BEIJING (Reuters) – The consumer finance unit of China‘s Ant Group will boost the company’s capital to 30 billion yuan ($4.71 billion) from 8 billion yuan, and introduce 4 new strategic investors, an exchange filing released on Friday said.
The unit, Chongqing Ant Consumer Finance Co Ltd, is under regulatory pressure to fold Ant’s two lucrative micro-loan businesses Jiebei and Huabei into it, which would make it subject to rules and capital requirements similar to those for banks.
China Cinda Asset Management, one of company’s new investors and one of the country’s four biggest state asset managers, said it will invest 6 billion yuan as part of the exercise.
After the deal, China Cinda will become the second biggest shareholder with a 24% stake in the consumer financing unit, including a 20% stake it holds directly and a 4% stake held by Nanyang Commercial Bank Ltd, a Cinda subsidiary.

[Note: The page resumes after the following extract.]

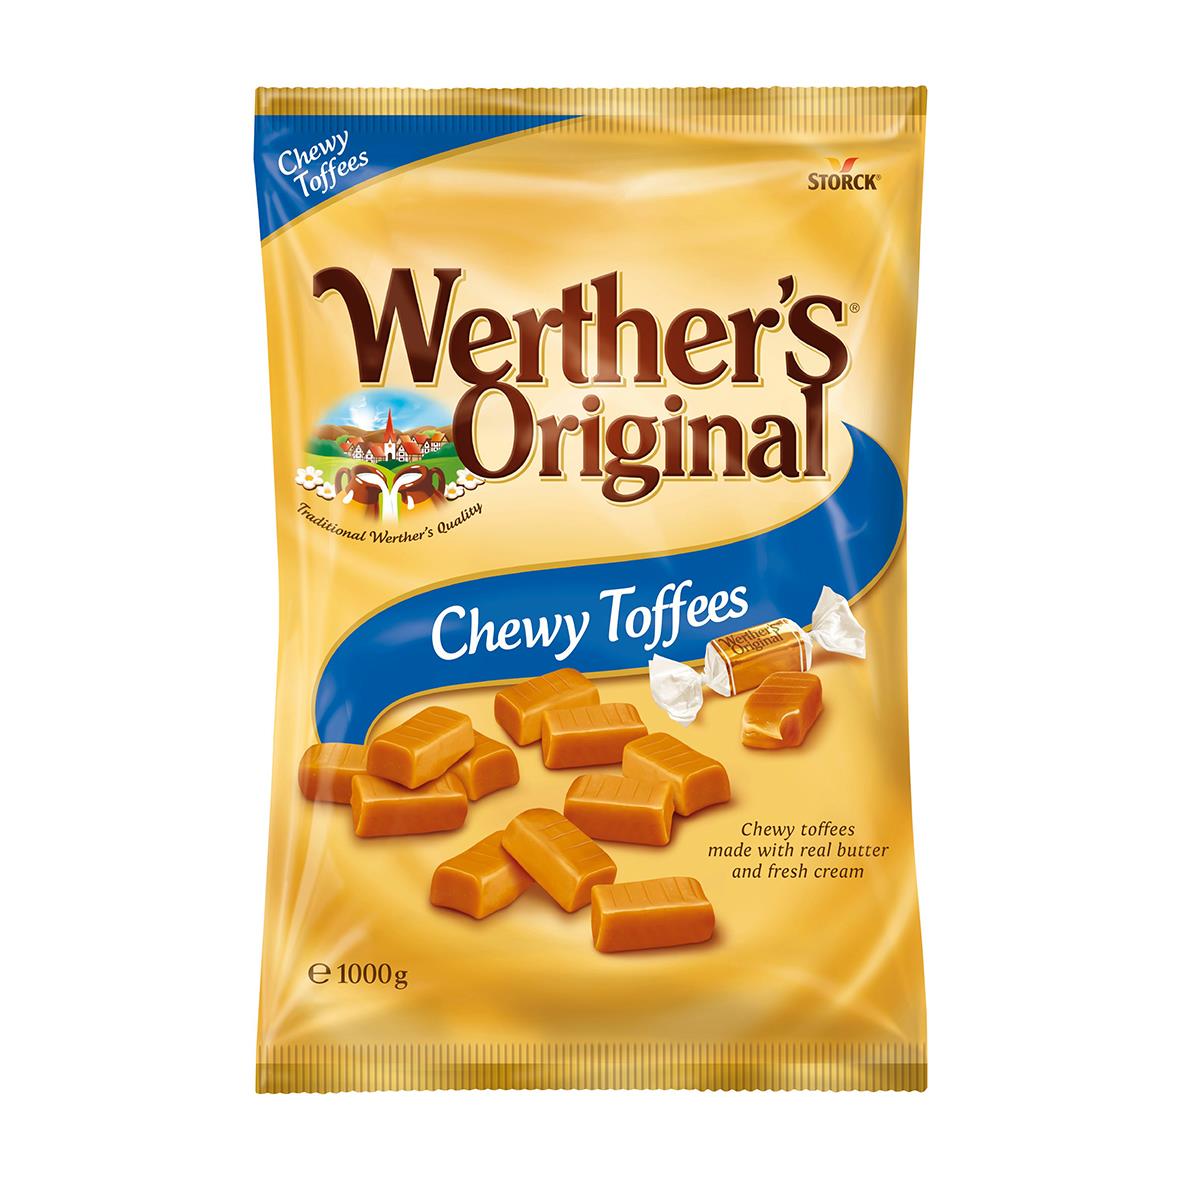 Godis Werther's Chewy Toffees 1000g 60010669

Ant will retain a 50% stake in the unit, Cinda’s filing to Hong Kong Stock Exchange showed.
The filing also disclosed the introduction of three other strategic investors into Ant’s consumer financing unit, including Sunny Optics, Boguan Technology, a unit of NetEase Inc, and Yufu Capital, a local investment arm of the Chongqing government.
Last month, Ant said it was seeking to differentiate part of its short-term consumer loan business Jiebei, as it pursues a regulator-led restructuring.